**Records for the exercise**

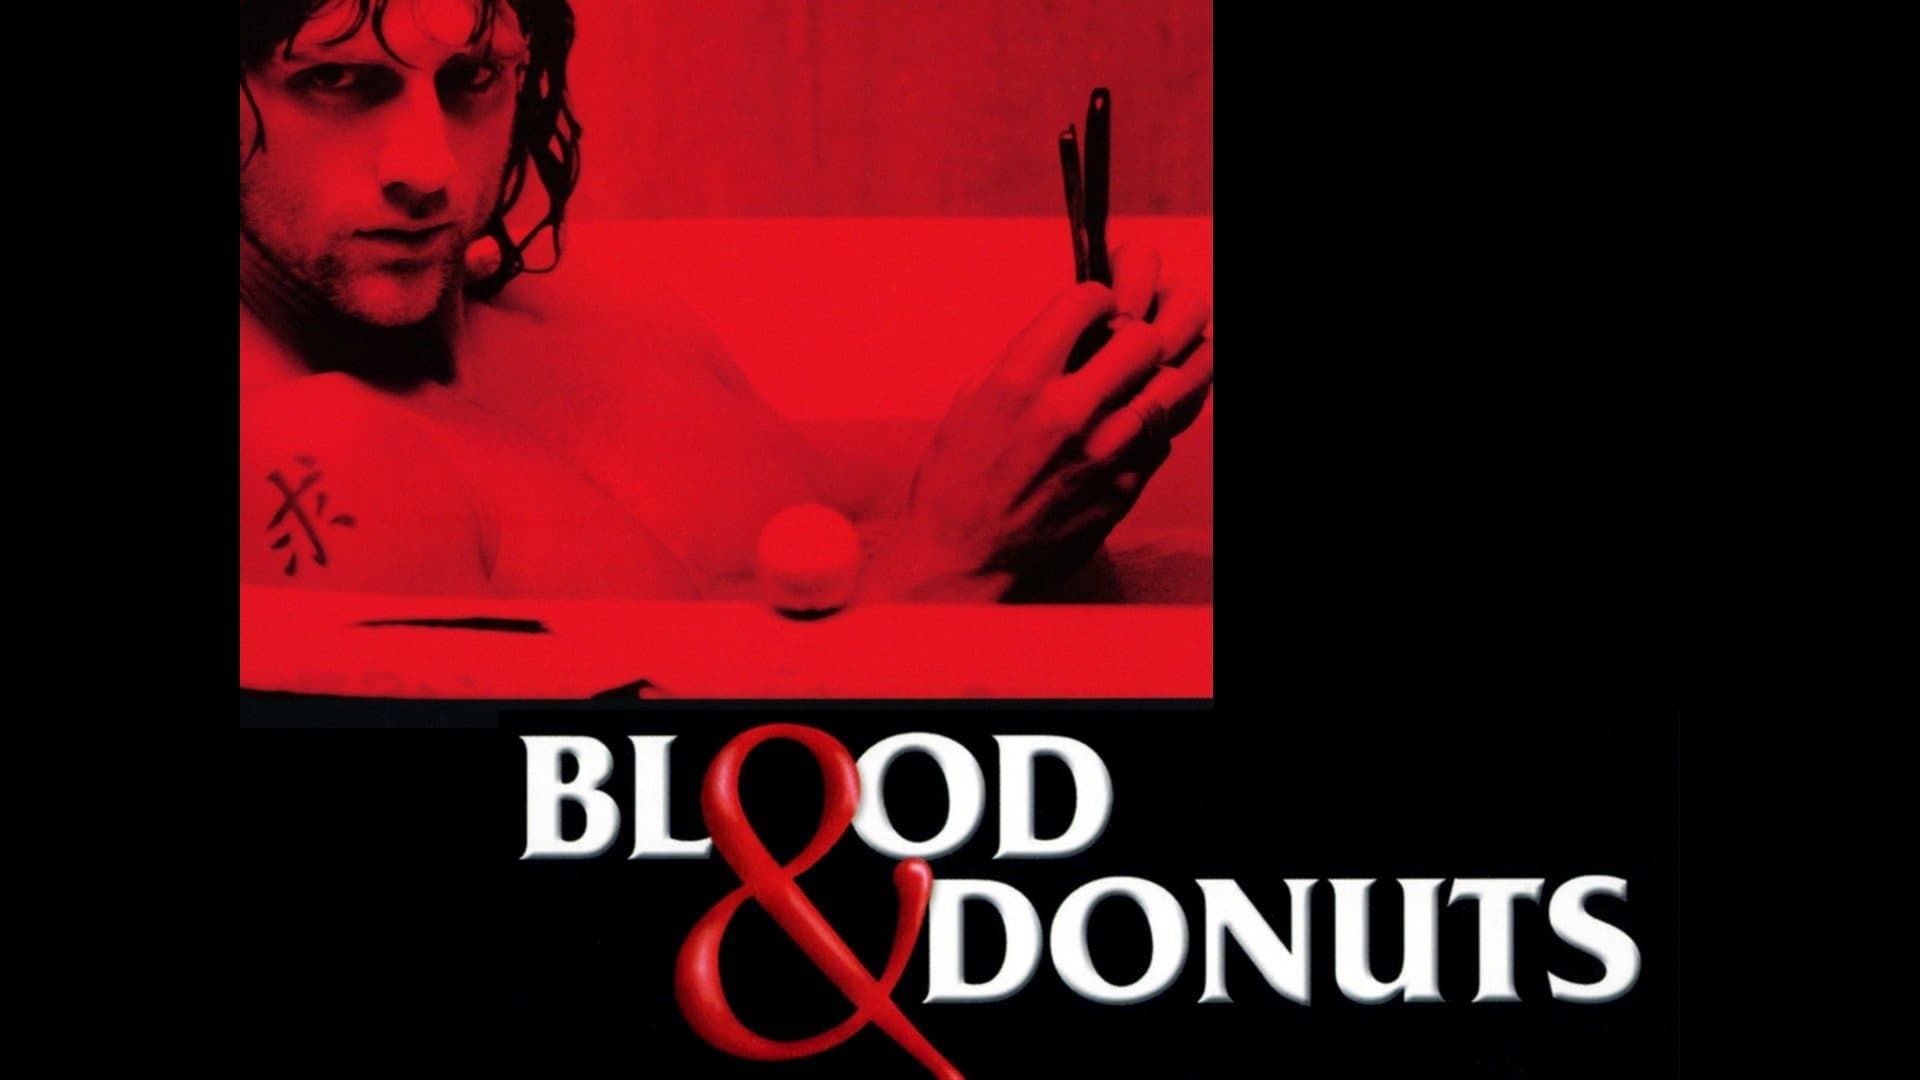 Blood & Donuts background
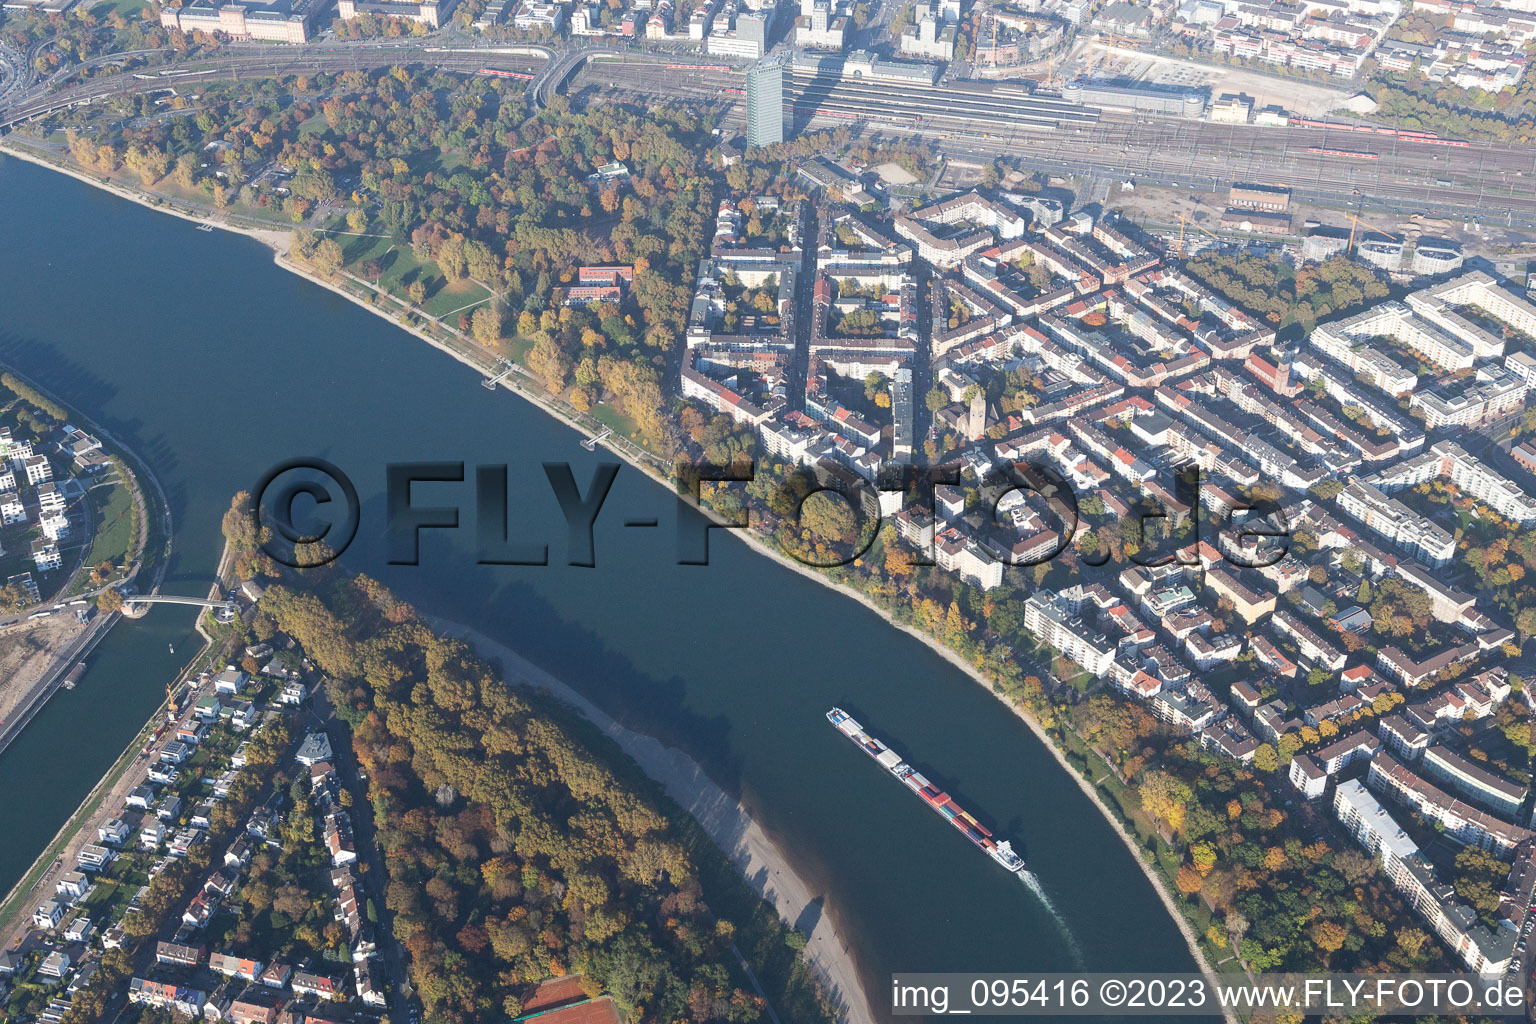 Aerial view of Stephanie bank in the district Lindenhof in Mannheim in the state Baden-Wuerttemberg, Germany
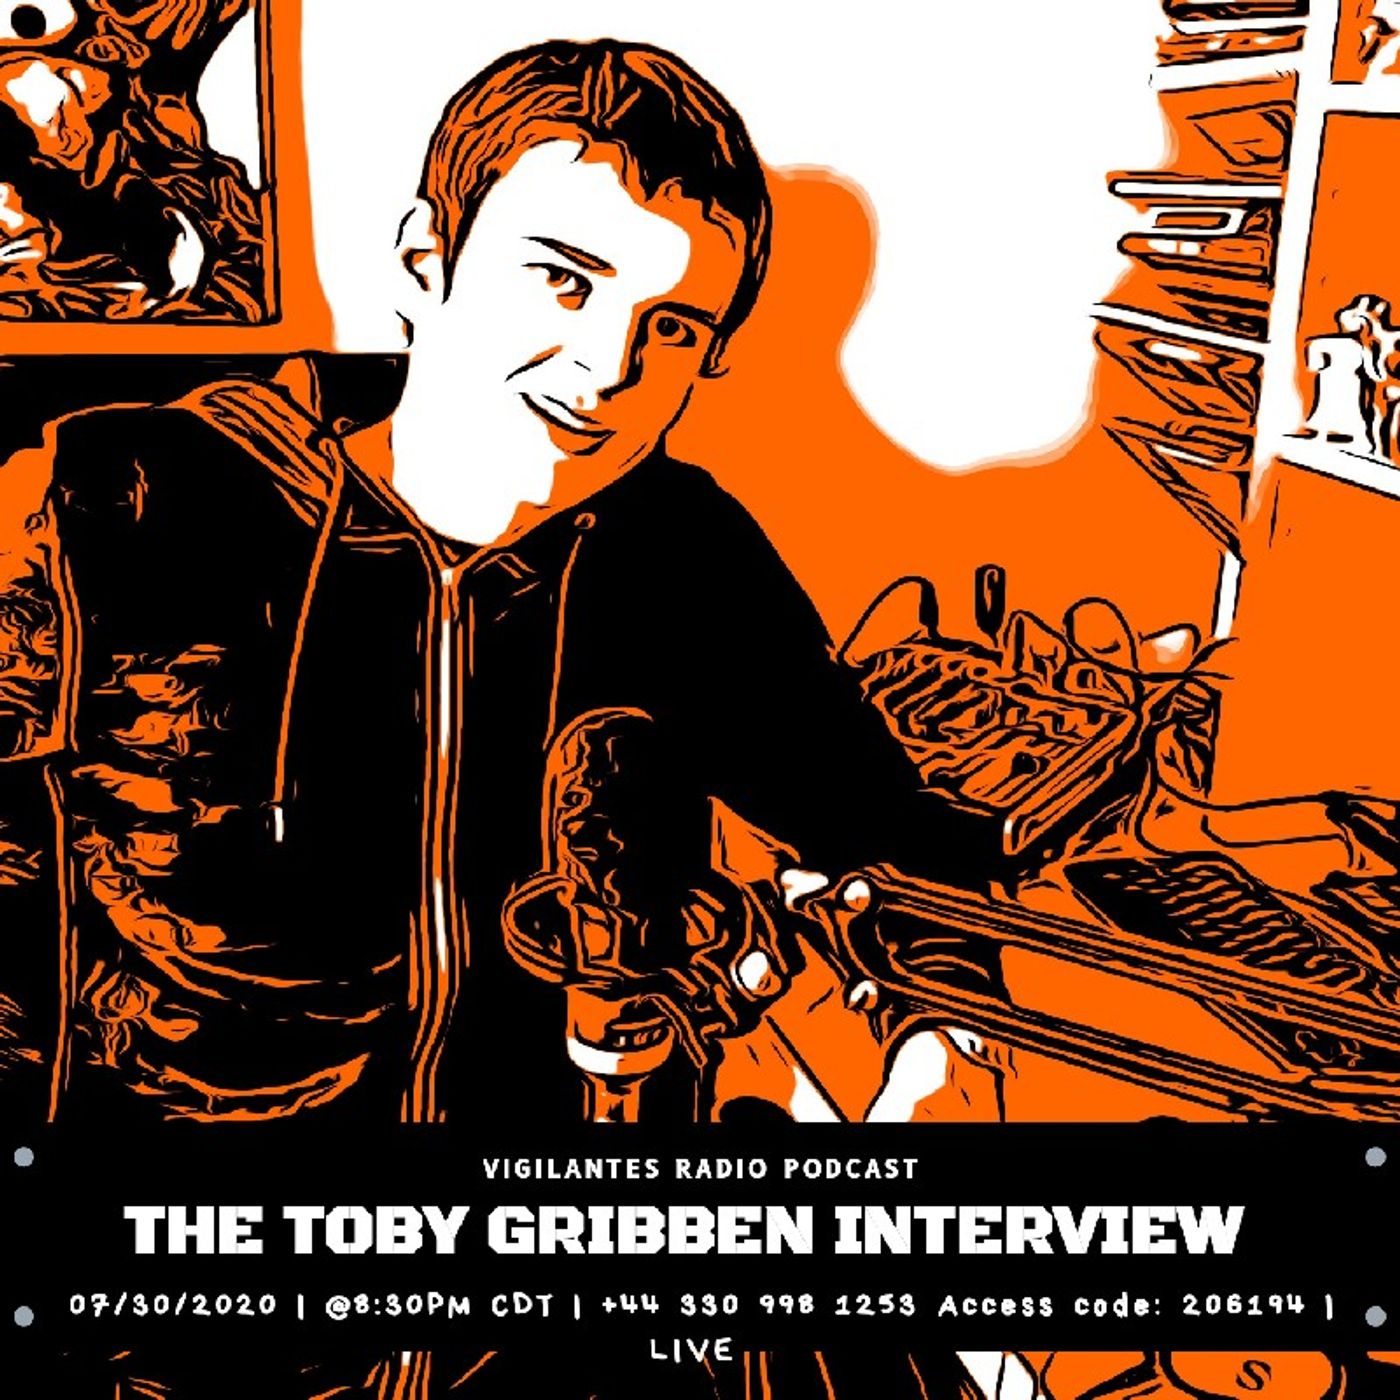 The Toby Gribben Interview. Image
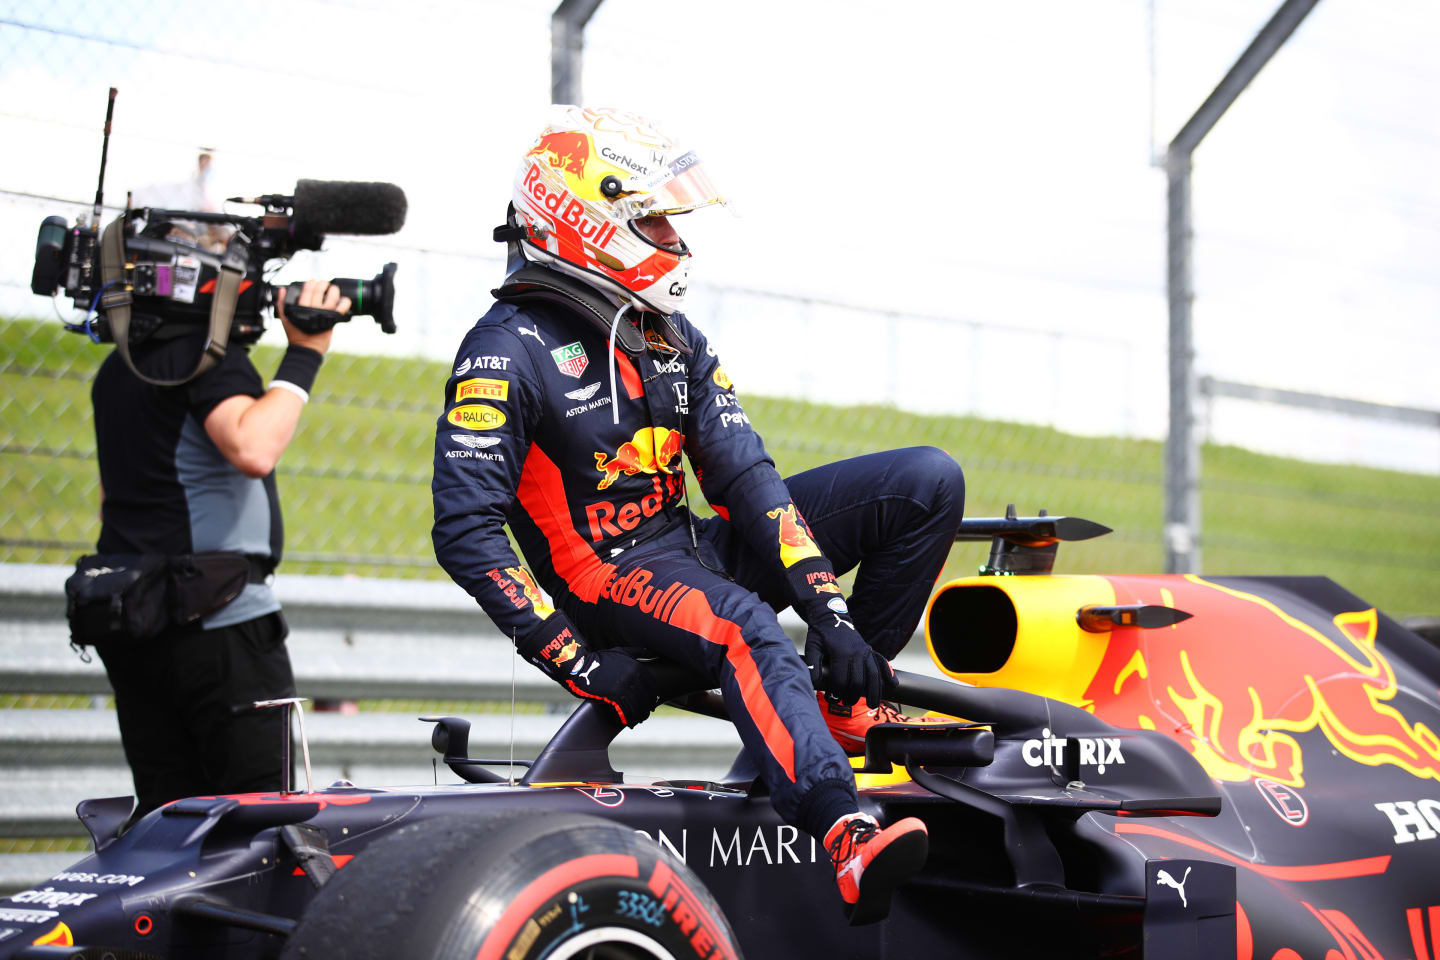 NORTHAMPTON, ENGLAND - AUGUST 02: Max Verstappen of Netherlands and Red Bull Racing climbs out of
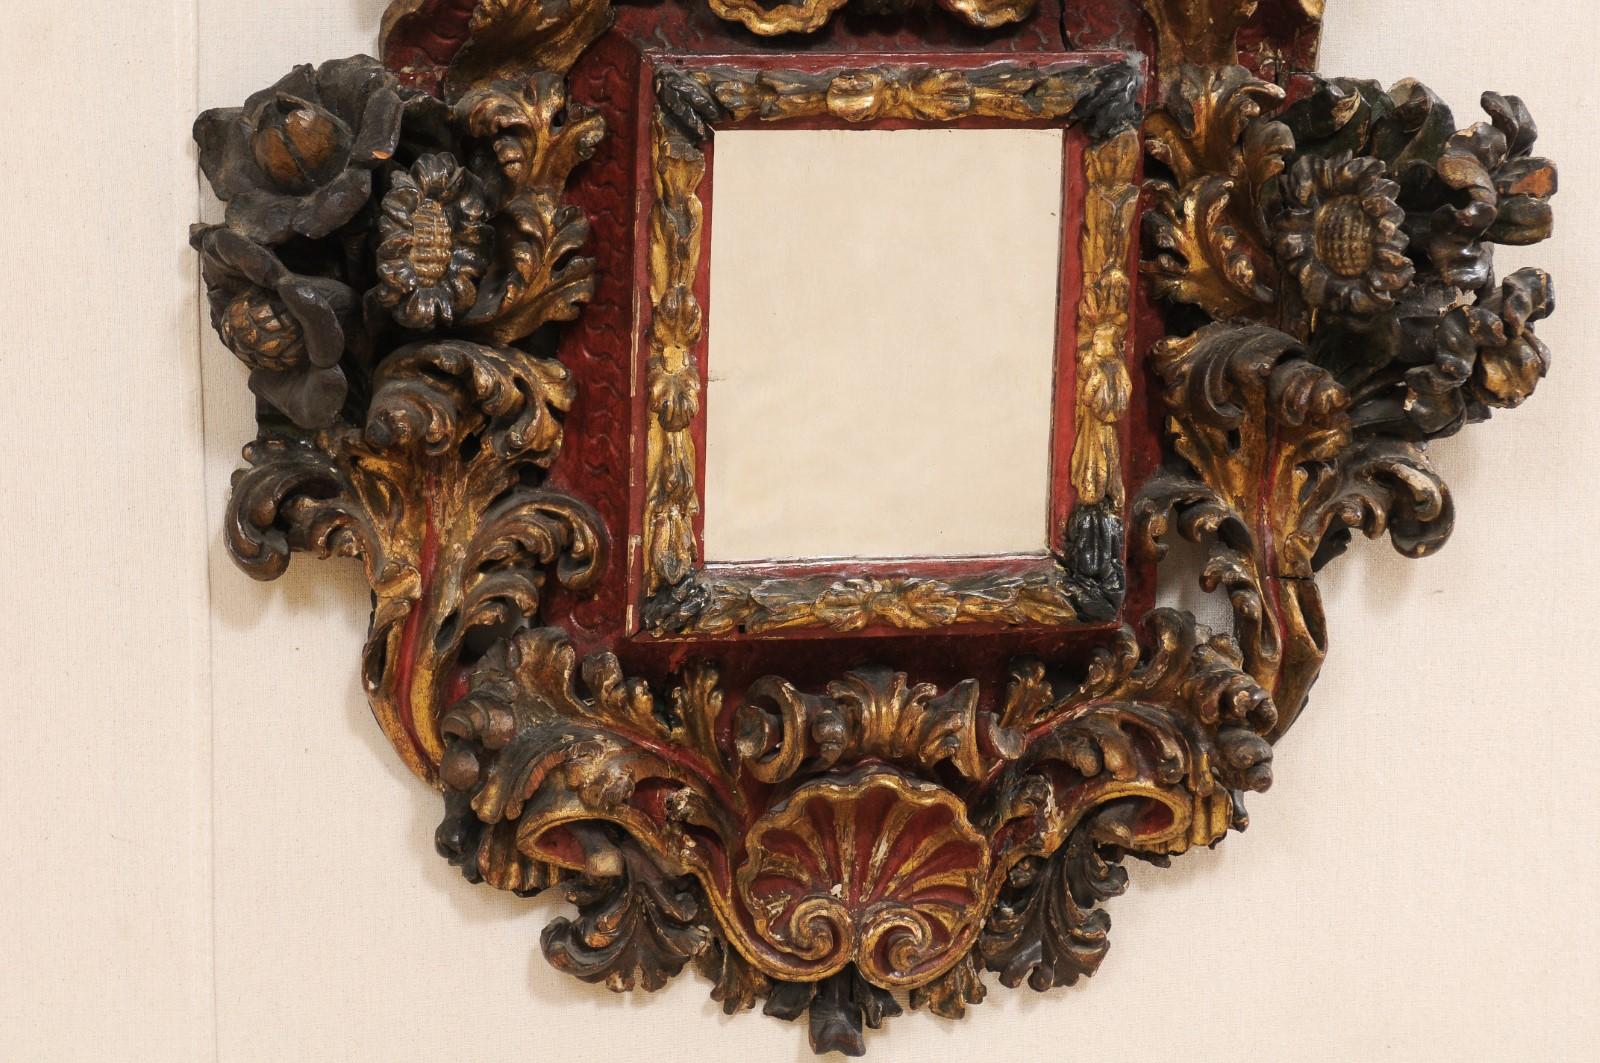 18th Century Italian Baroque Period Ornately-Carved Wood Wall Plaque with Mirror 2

**Your objective**
All lines from the one holding "Aerial view of" through the last line of the records need to be copied exactly, both ends included, and the pictures left behind.

**Exercise answer**
 Aerial view of Stephanie bank in the district Lindenhof in Mannheim in the state Baden-Wuerttemberg, Germany
 The Toby Gribben Interview. Image
 NORTHAMPTON, ENGLAND - AUGUST 02: Max Verstappen of Netherlands and Red Bull Racing climbs out of
 18th Century Italian Baroque Period Ornately-Carved Wood Wall Plaque with Mirror 2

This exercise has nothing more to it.